PE investors commit $850m to Tencent's Supercell acquisition
CITIC Capital and several domestic investment funds have contributed $850 million to Tencent Holdings’ acquisition of a majority stake in Finland-based mobile game developer Supercell.
The Chinese company announced in June that it would lead a consortium in the acquisition of up to 84% of Supercell - including a 73% interest held by SoftBank - at an enterprise valuation of $10.2 billion. The other members of this consortium were not identified.
According to a more recent Tencent filing, the co-investors in the deal are CITIC Capital, Pagoda Investment, Aviation Industry Corporation of China-owned AVIC Capital, Zheng Hong Capital, and investment entities tied to China CITIC Bank, China Cinda Asset Management and Shanghai Pudong Development Bank. Zheng Hong is controlled by local conglomerate Jumbo Sheen Enterprises and a joint venture between Thailand's Charoen Pokphand Group and Japan's Itochu Corporation.
The consortium will own 76.9% of Supercell and Tencent's co-investors will hold a 50% voting interest in the acquisition vehicle. This means the vehicle would no longer be considered a subsidiary of Tencent.
Debtwire previously reported that the deal is supported by $3.5 billion in debt provided by 23 lenders, of which 13 are Chinese banks. The lead arrangers, book-runners and underwriters - Bank of China, Shanghai Pudong Development Bank, and China Merchants Bank - account for 60% of the final facility, with Bank of China alone committing $1 billion.
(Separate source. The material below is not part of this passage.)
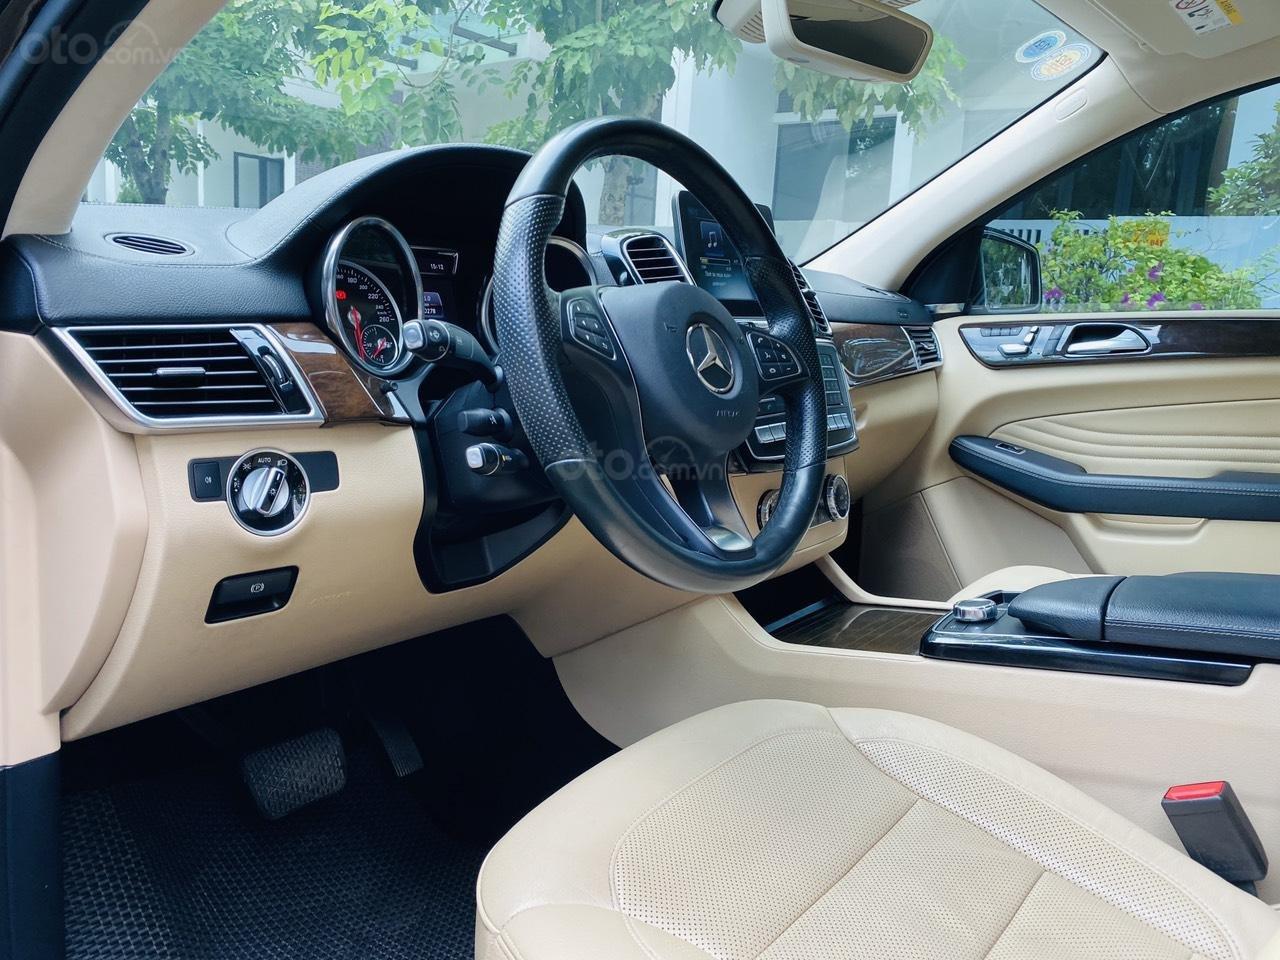 Bán ô tô Mercedes GLE Couple sản xuất 2016 nhập khẩu (7)

The minority interest in Supercell not held by the Tencent consortium will go to company management. Following the acquisition, Supercell will continue to be headquartered in Finland and no staffing changes are planned.
Best known for games such as "Clash of Clans," Supercell was acquired by SoftBank in 2013. The Japanese company paid JPY150 billion (then $1.5 billion) for a 51% interest, with its games software unit GungHo Online Entertainment contributed 20% of the cost. SoftBank raised its holding to 73% last year, buying the remaining shares held by earlier investors Accel Partners and Index.